4./ Akira Toriyama adalah seorang pakar budaya timur
serta penganut Budha yang taat. Setiap karakter dan desain visual di
dalam komik ragon Ball diadaptasi dari visual Budaya Asia (Jepang, Cina
Kuno, Indonesia, India) dan dikemas secara lembut ke dalam cerita yang
luar biasa inspiratif.
5./ Akira Toriyama adalah seorang theolog dan
filusuf terapan yang cerdas. Setiap tokoh dan elemen tokoh merupakan
‘ajaran terselubung’ yang jika berasil ditelaah secara mendalam akan
ditemukan betapa dahsyatnya penciptaan-penciptaannya. Saiya Super, Iblis
Bhu, Filosofi Son Go Ku dan Bezita, dan lain-lain, agaknya akan
memerlukan notes khusus untuk mengupasnya.

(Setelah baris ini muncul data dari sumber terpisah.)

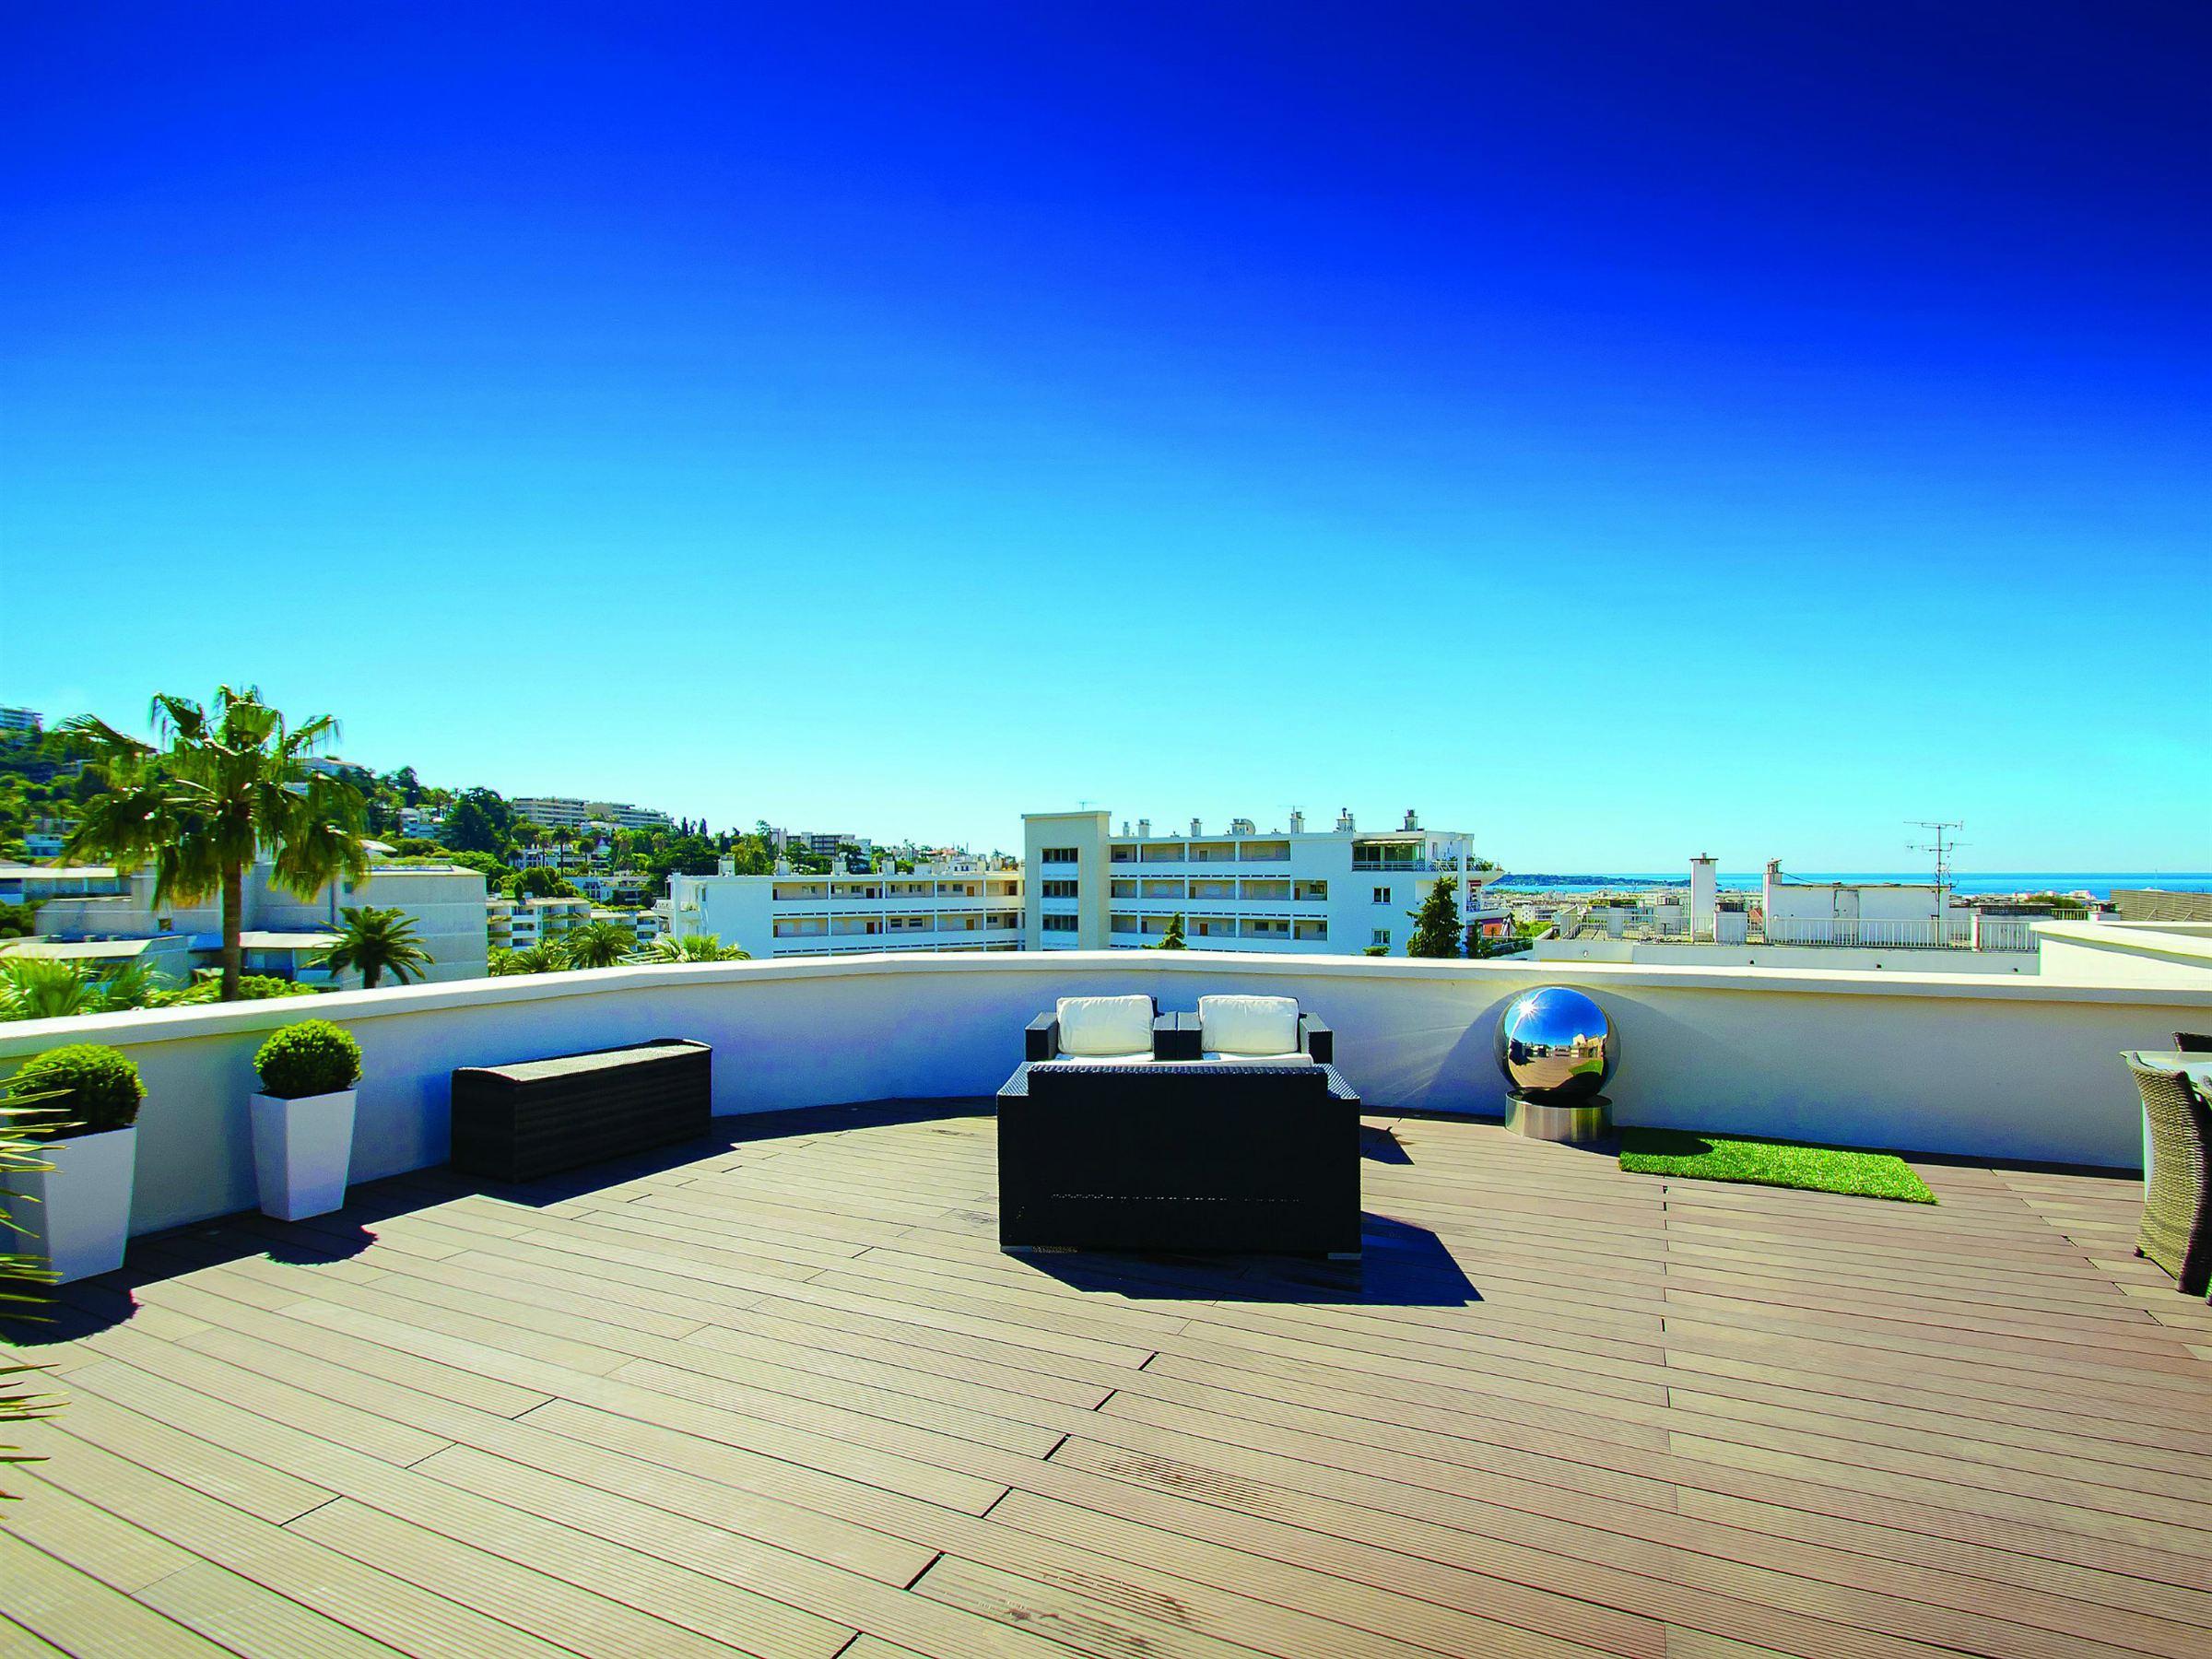 Apartamento para Venda às Luxury penthouse with beautiful roof garden for sale in Cannes Cannes, Provença-Alpes-Costa Azul 06400 França

Kesemua unsur itu kemudian dijahit dengan sangat lembut menjadi
sebuah komik berjudul Dragon Ball, yang kemudian menyebar ke seluruh
dunia dan menjadi bacaan wajib bagi penggemar komik tahun 90-an yang
inspirasinya terus terkenang hingga saat ini.
Mengapa Akira Toriyama bisa menciptakan komik sebegitu dahsyatnya?
Sederhana jawabannya.
Akira sensei telah menemukan “Materi Esensial” dari sebuah objek di alam ini, untuk kemudian disihir menjadi sebuah karya yang inspiratif.
Seperti halnya lapisan batubara, ide itu memiliki ‘kasta’ tersendiri.
Ide yang dangkal, yang dikembangkan tanpa riset itu seperti Lignit.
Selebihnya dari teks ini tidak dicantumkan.